11/29/2025
This floor is covering the blood stain where my husband collapsed and died seven months ago. Massive heart attack at the sink doing dishes, gone before the ambulance arrived. I've been stepping over that stain every single day since because I couldn't afford to replace the floor and couldn't look at it without my legs giving out.
Insurance covered the funeral but not home repairs. I tried scrubbing it, covering it with rugs that kept sliding, avoiding the kitchen completely. My daughter said I needed to move but this is the house we bought thirty-one years ago, where we raised our kids. I wasn't leaving because of a stain.

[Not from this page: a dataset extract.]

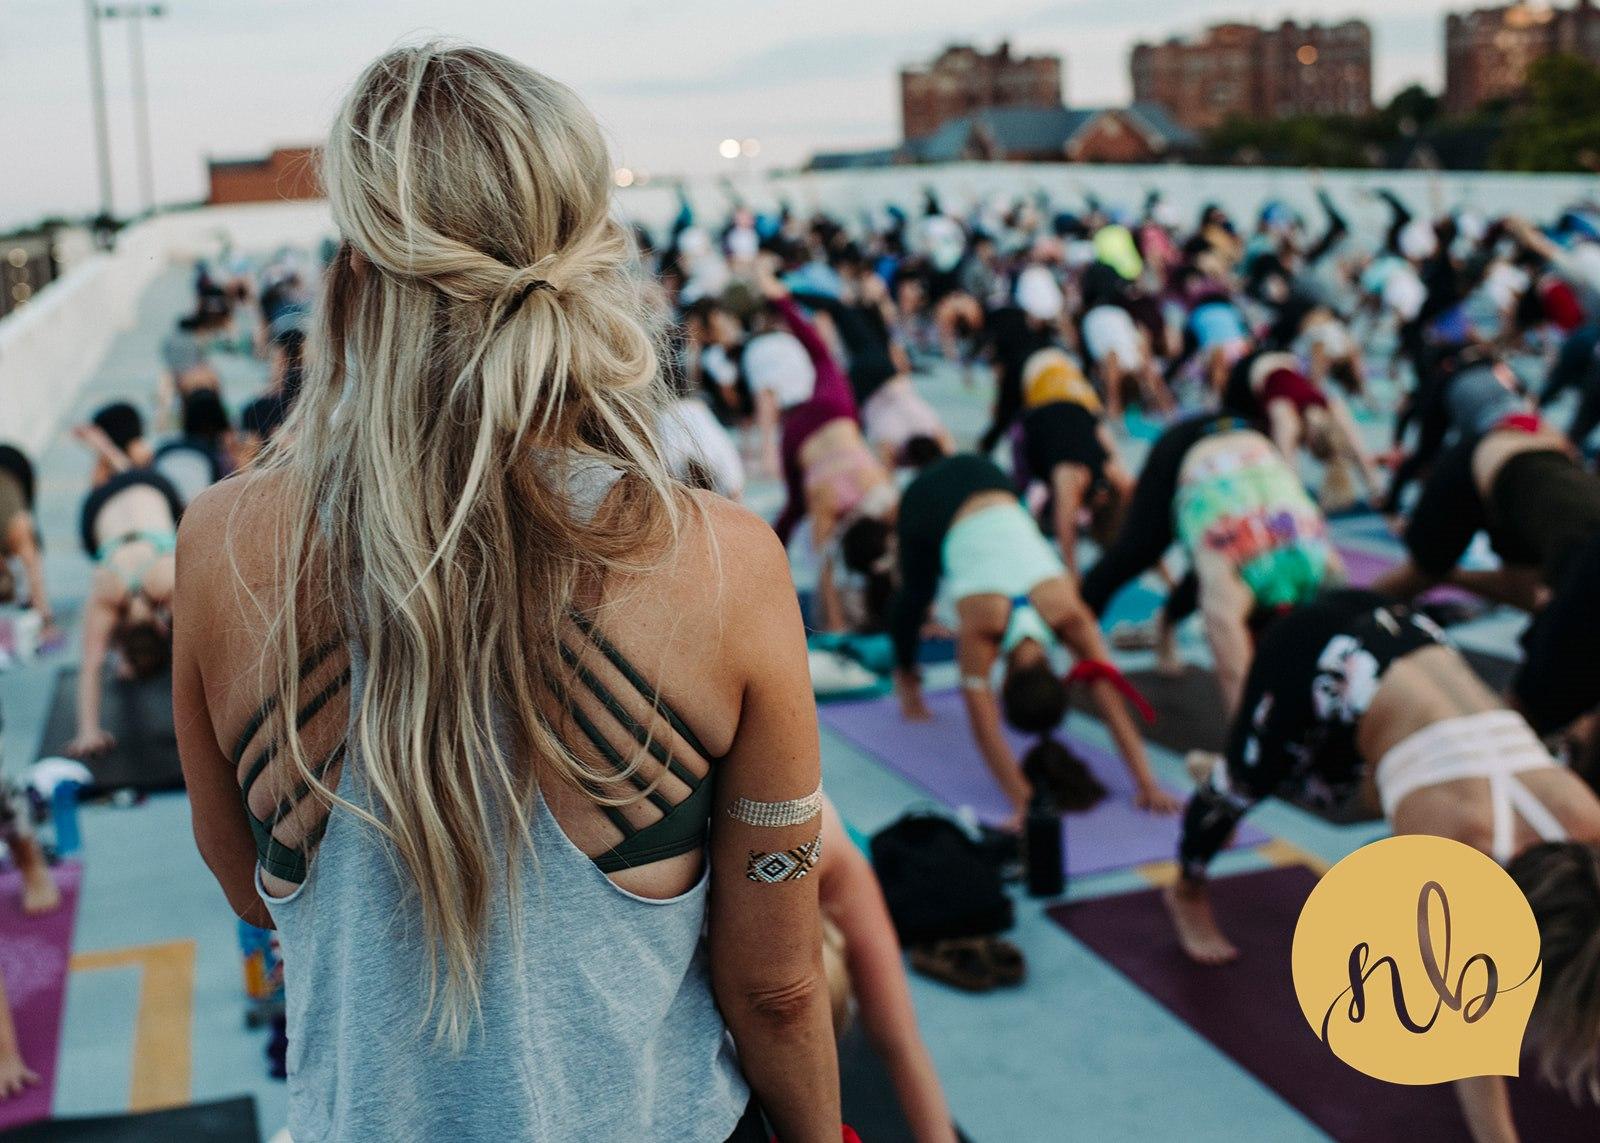 Salute_the_Sunset___Powerlife_Yoga___Nicole_Bissey_Photography_169.jpg
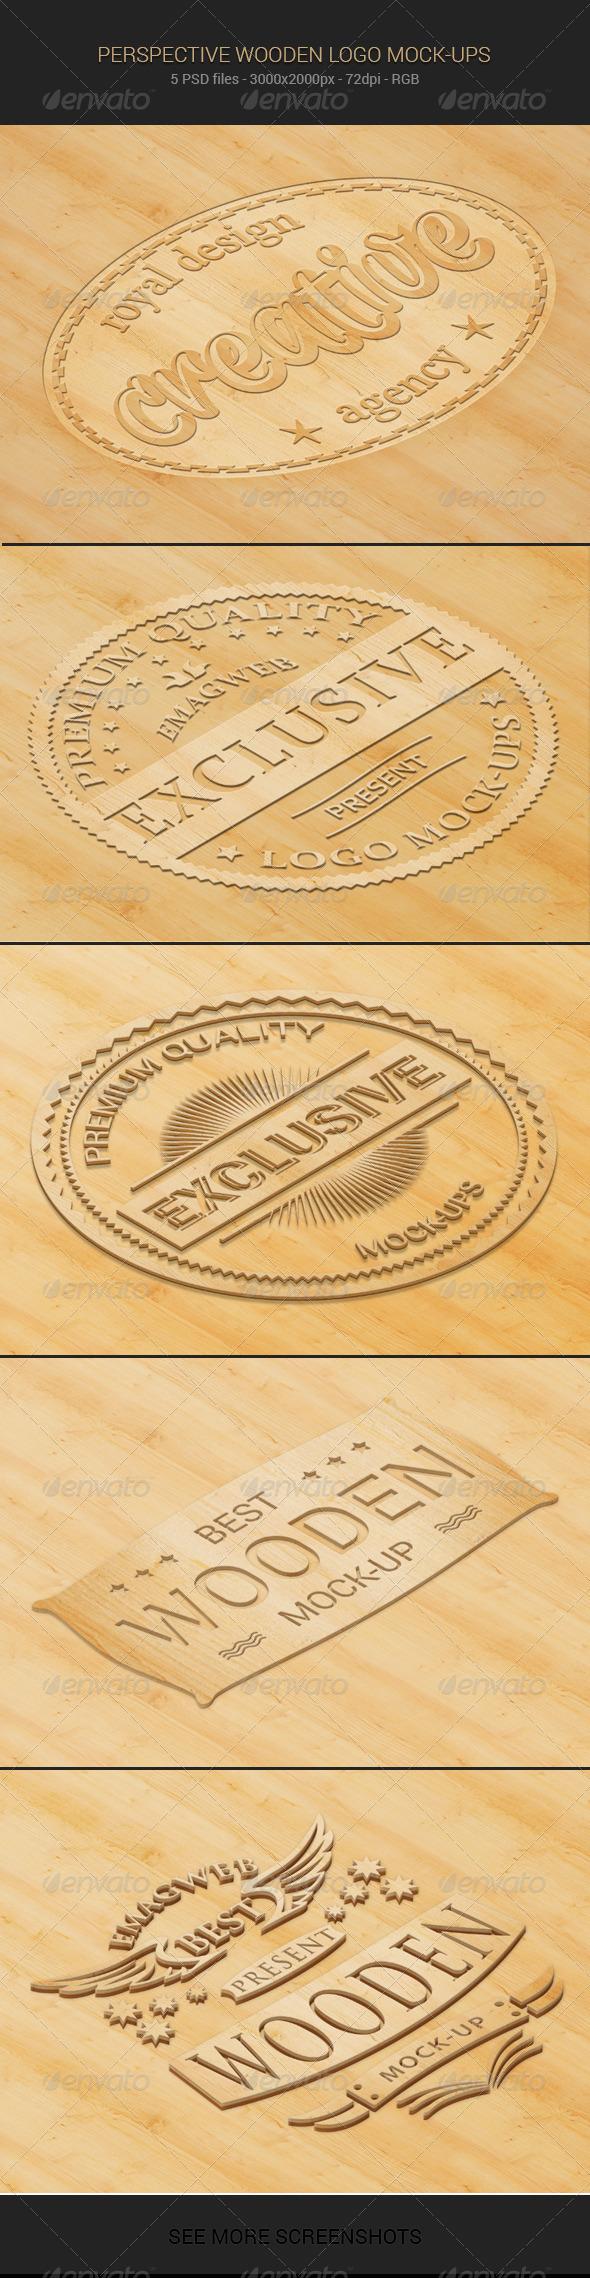 Perspective Wooden Logo Mock-ups - Logo Product Mock-Ups

But I couldn't keep living with the exact spot where he died marked on my floor like a crime scene. Posted in a Tedooo app home renovation group at 3am asking about cheap ways to cover old linoleum. A woman who does epoxy floor art through her Tedooo shop messaged privately. Said "Tell me what you're really asking for."
I told her everything. The heart attack, the stain, seven months of stepping over where my husband took his last breath. She said "I'll cover it with ocean. He'll rest under something beautiful instead of something you're afraid to look at."
She drove six hours, wouldn't take full payment, spent two days creating this turquoise epoxy floor that looks like water. Made the stain the exact center and covered it with the deepest blue. Said "This is where he was, now it's where the ocean is calmest."
I can walk in my kitchen now. Stand at the sink where he stood. The floor is beautiful instead of haunted. My husband died here but now this spot is art instead of trauma.
I started a Tedooo shop connecting people who have trauma in their homes with makers who can transform it. Blood stains, burn marks, holes from fights, spaces that hold too much pain. Eight families matched with artists in one week, all desperate to stay home but needing help making the hard spots bearable.
My husband's death is under this ocean now. Not erased, transformed into something I can live with. Healing isn't forgetting, it's covering pain with beauty until you can breathe again.